An important feature of RAL/NSAP's computing design is its ability to provide solutions across scales.  Given the need to deploy systems that range in size from 32 cores to 832 cores, and applications that range from global climatology to large eddy simulations, the flexibility and extensibility of the computing architecture becomes a critical component for success.  Cumulative number of computing cores presently exceeds 3000, across 475+ nodes in use by NSAP projects.

Computing

In order to effectively utilize core dense compute resources (nodes) for parallel codes (WRF) as well as serial based post-processing, various software layers have been under examination to improve performance across differing job sizes. During FY16 the testing, analysis and impact measurements have included everything from Intel compilers, differing versions of openmpi, Linux kernel power features, as well as combinations of Infiniband OFED software stacks and FDR IB equipment.  Through the evaluation of these tools, technical staff can help assess specific efficiencies that can be gained when sizing hardware architectures to varied job-type and runtime requirements, or to assess how non-local, hosted HPC centers might benefit NSAP projects by utilizing shared computing resources in the future.

Storage

RAL continues to utilize improvements in data storage management through the deployment of NAS (network attached storage) systems that are simultaneously accessible by a variety of project clusters.  The transition away from RAID disks that were directly attached to a single computing cluster to NAS data repositories that are accessible across the local area network has been accompanied by greater reliability, increased data accessibility, and less time spent on storage maintenance by system administrators and users.  In addition to the increased reliability, the NAS solution provides a growth path that allows for incremental additions to data storage, while maintaining consistent, logical namespace.  The end result is that data users no longer have to spend time juggling datasets across individual disks, leaving it to the NAS architecture to manage the mapping between logical and physical space.

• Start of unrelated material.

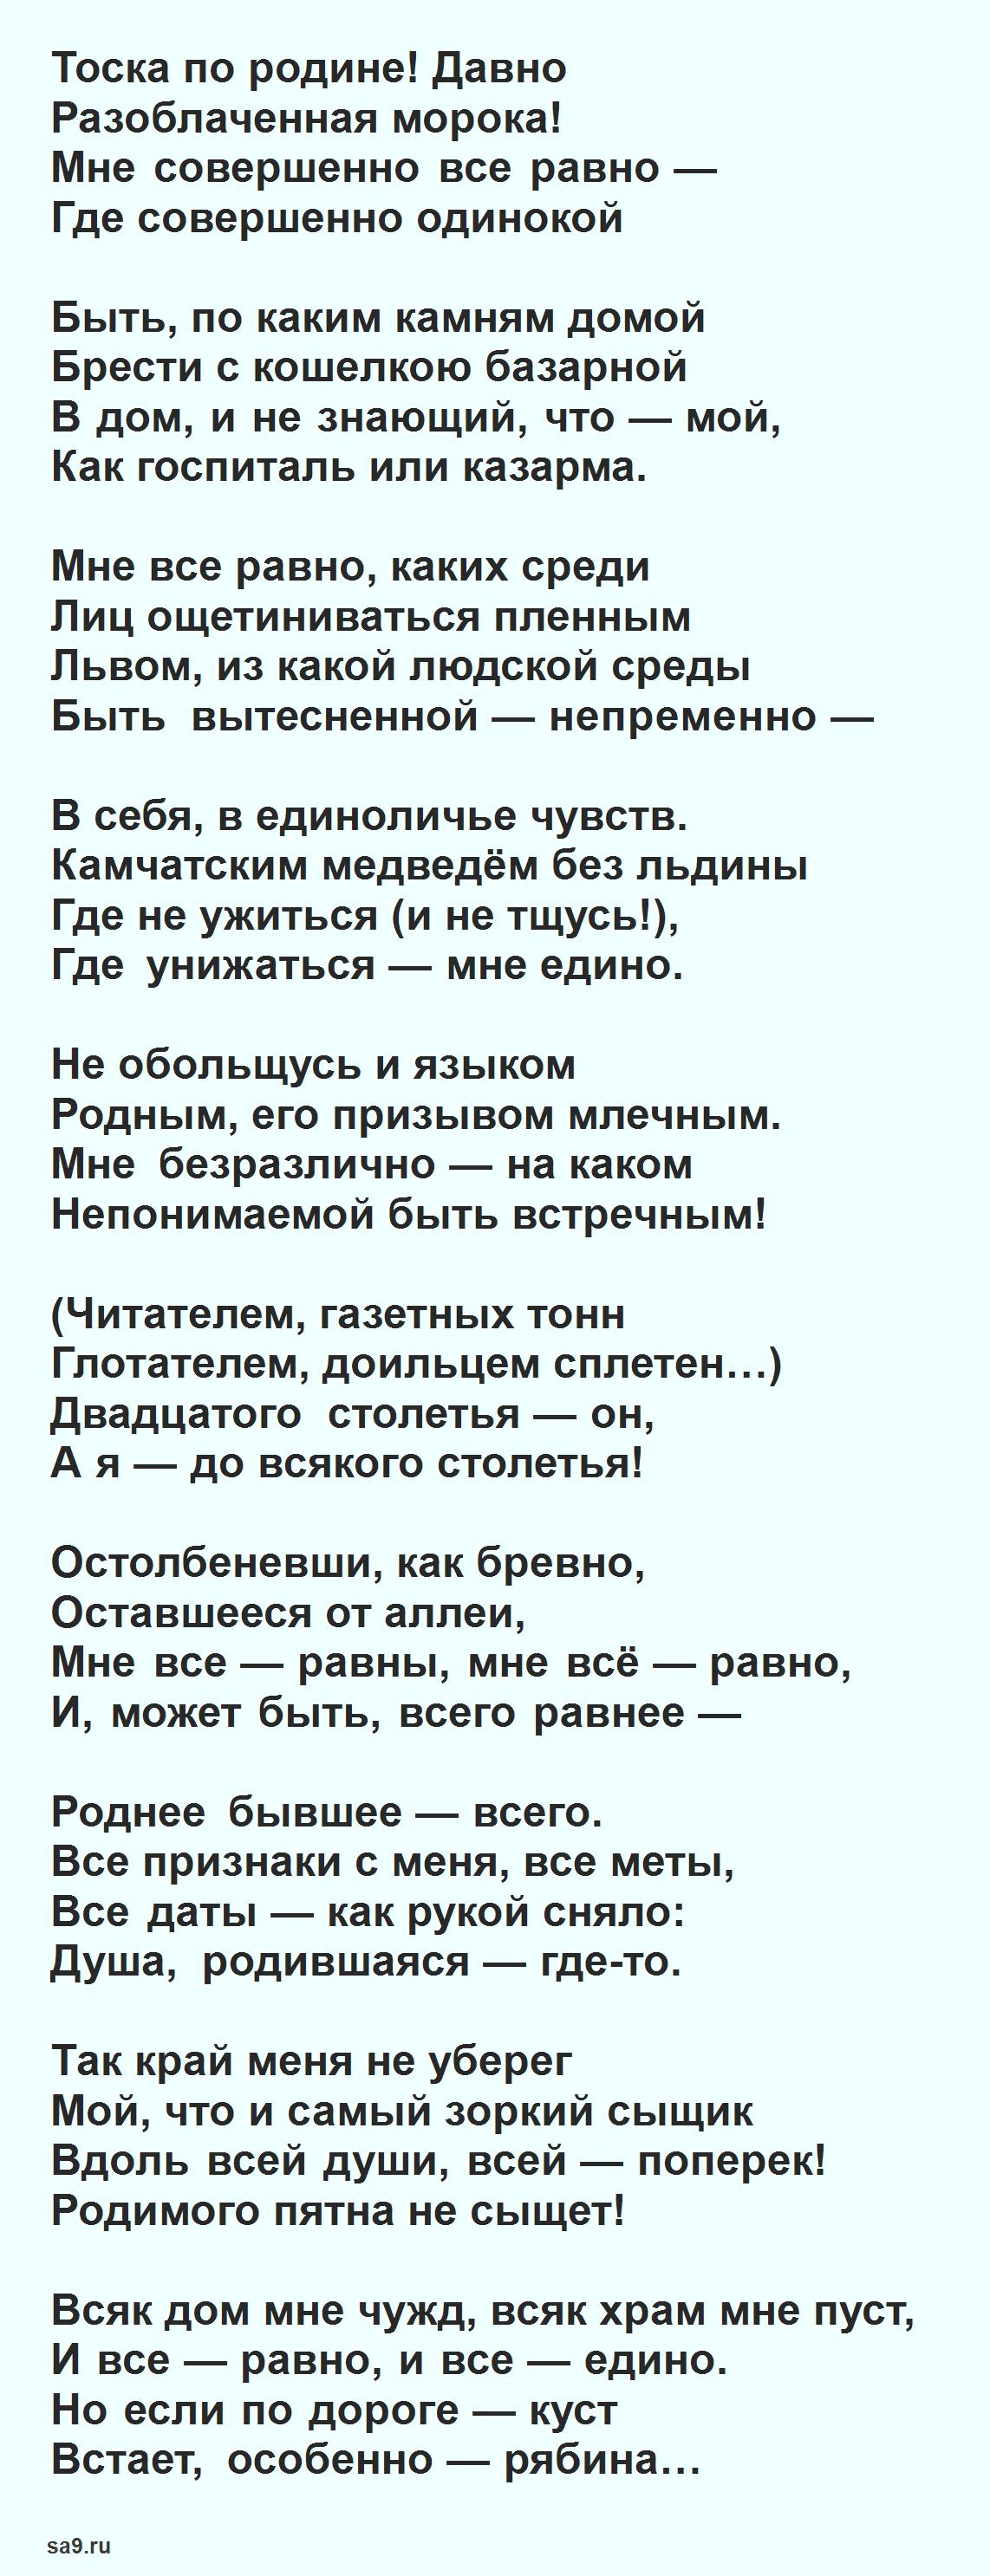 Цветаева стихи о Родине - Тоска по Родине

Further enhancing the scalability of application to storage performance are parallel IO access methods, which each server uses to access file systems over a dedicated gigabit to 10Gigbit network.  The parallel NFS standard minimizes hot-spot contention for data sets and provides a topology where high demand IO requests are balanced over dozens of disk spindles and network ports to provide streaming of data in both write or read modes.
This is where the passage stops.